Il bruciore agli occhi è un disturbo molto comune che può manifestarsi in diverse forme e intensità, provocando disagio nella vita quotidiana. Si tratta di una sensazione fastidiosa che può essere accompagnata da altri sintomi come arrossamento, lacrimazione, prurito o sensazione di corpo estraneo. Sebbene nella maggior parte dei casi si tratti di un problema temporaneo e facilmente risolvibile, è importante sapere riconoscere quando il bruciore oculare richiede l’attenzione di uno specialista.

Questo disturbo può colpire persone di tutte le età e può essere causato da molteplici fattori, che vanno dall’esposizione a irritanti ambientali fino a condizioni mediche più complesse. Comprendere le cause del bruciore agli occhi è il primo passo per individuare il trattamento più appropriato e prevenire eventuali complicazioni.

In questo articolo analizzeremo le principali cause del bruciore oculare, i rimedi più efficaci per alleviare il fastidio e i segnali che indicano quando è necessario consultare un medico.

Cause comuni del bruciore agli occhi

Le cause del bruciore agli occhi sono numerose e possono essere suddivise in fattori ambientali, condizioni oculari specifiche e patologie sistemiche.

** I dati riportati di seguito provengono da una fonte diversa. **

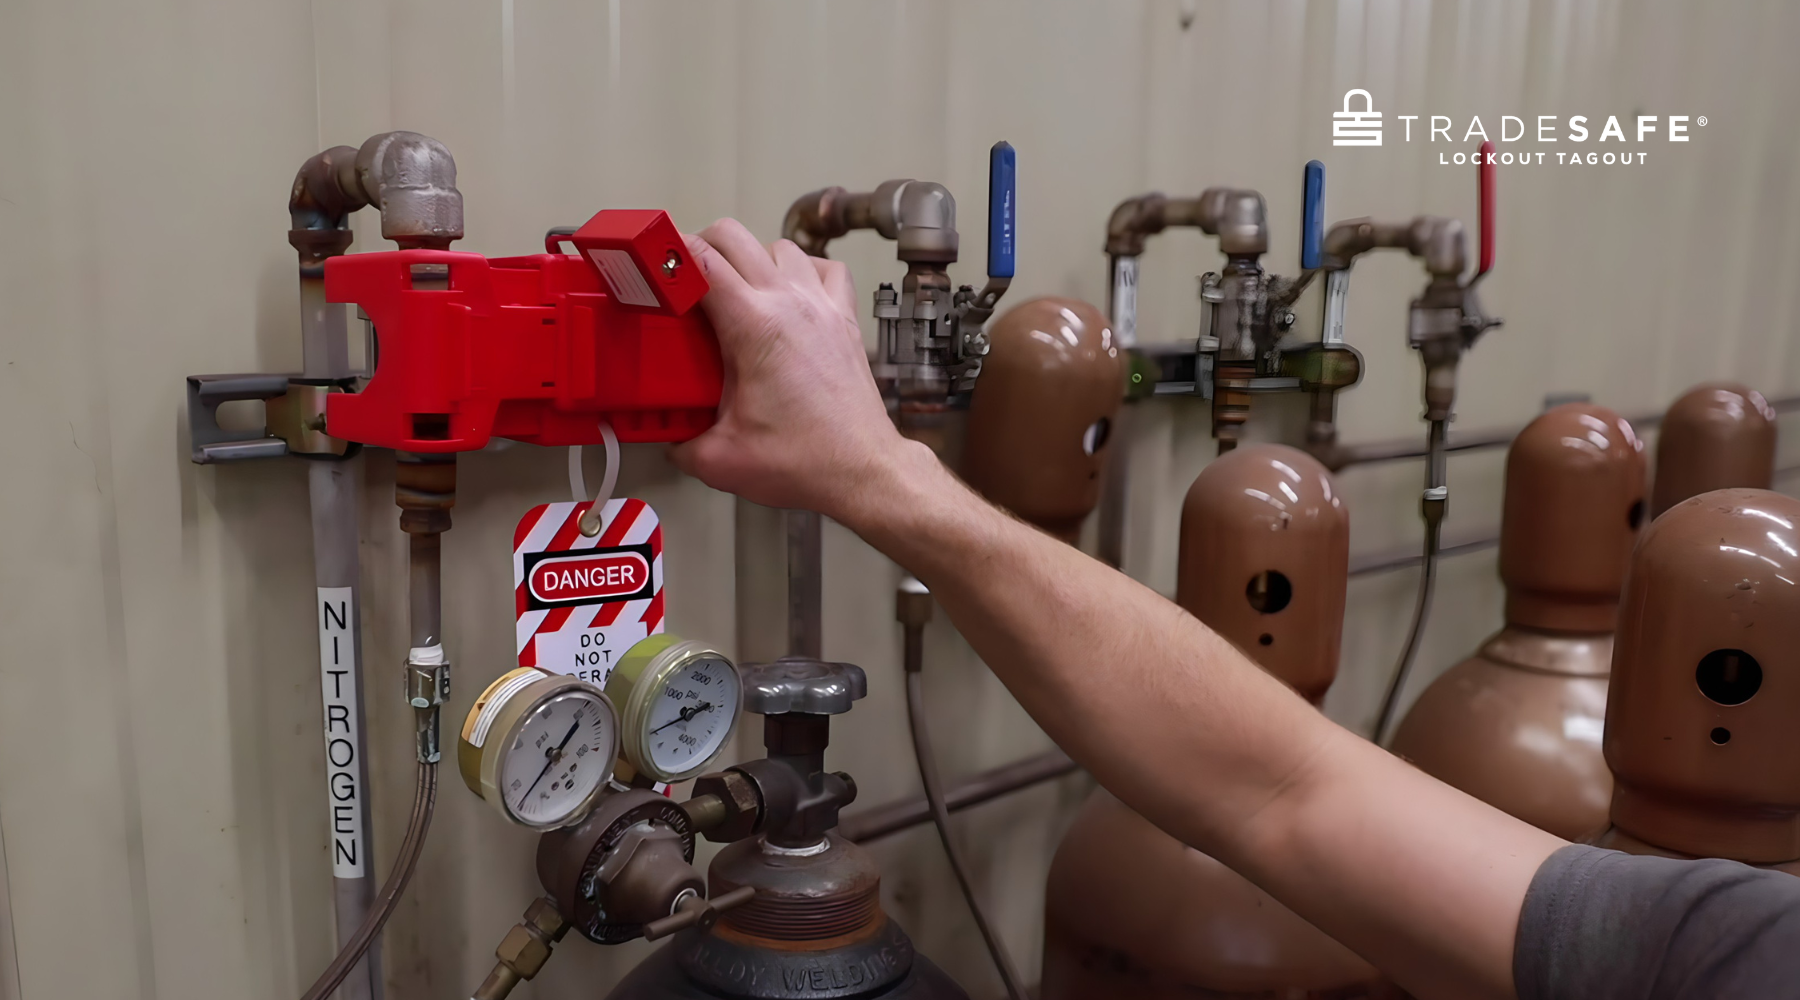 worker performing lockout tagout

  • Fattori ambientali e irritanti esterni rappresentano la causa più frequente. L’esposizione prolungata a schermi di computer, tablet e smartphone può provocare affaticamento visivo e secchezza oculare, con conseguente bruciore. Anche l’aria condizionata, il riscaldamento, il vento, il fumo di sigaretta, lo smog e gli agenti inquinanti possono irritare la superficie dell’occhio. L’uso di prodotti cosmetici, detergenti aggressivi o l’esposizione a sostanze chimiche sono ulteriori fattori scatenanti.
  • La sindrome dell’occhio secco è una delle condizioni più comuni associate al bruciore oculare. Si verifica quando gli occhi non producono lacrime in quantità sufficiente o quando la qualità del film lacrimale è compromessa. Questa condizione è particolarmente frequente nelle persone anziane, nelle donne in menopausa e in chi utilizza lenti a contatto.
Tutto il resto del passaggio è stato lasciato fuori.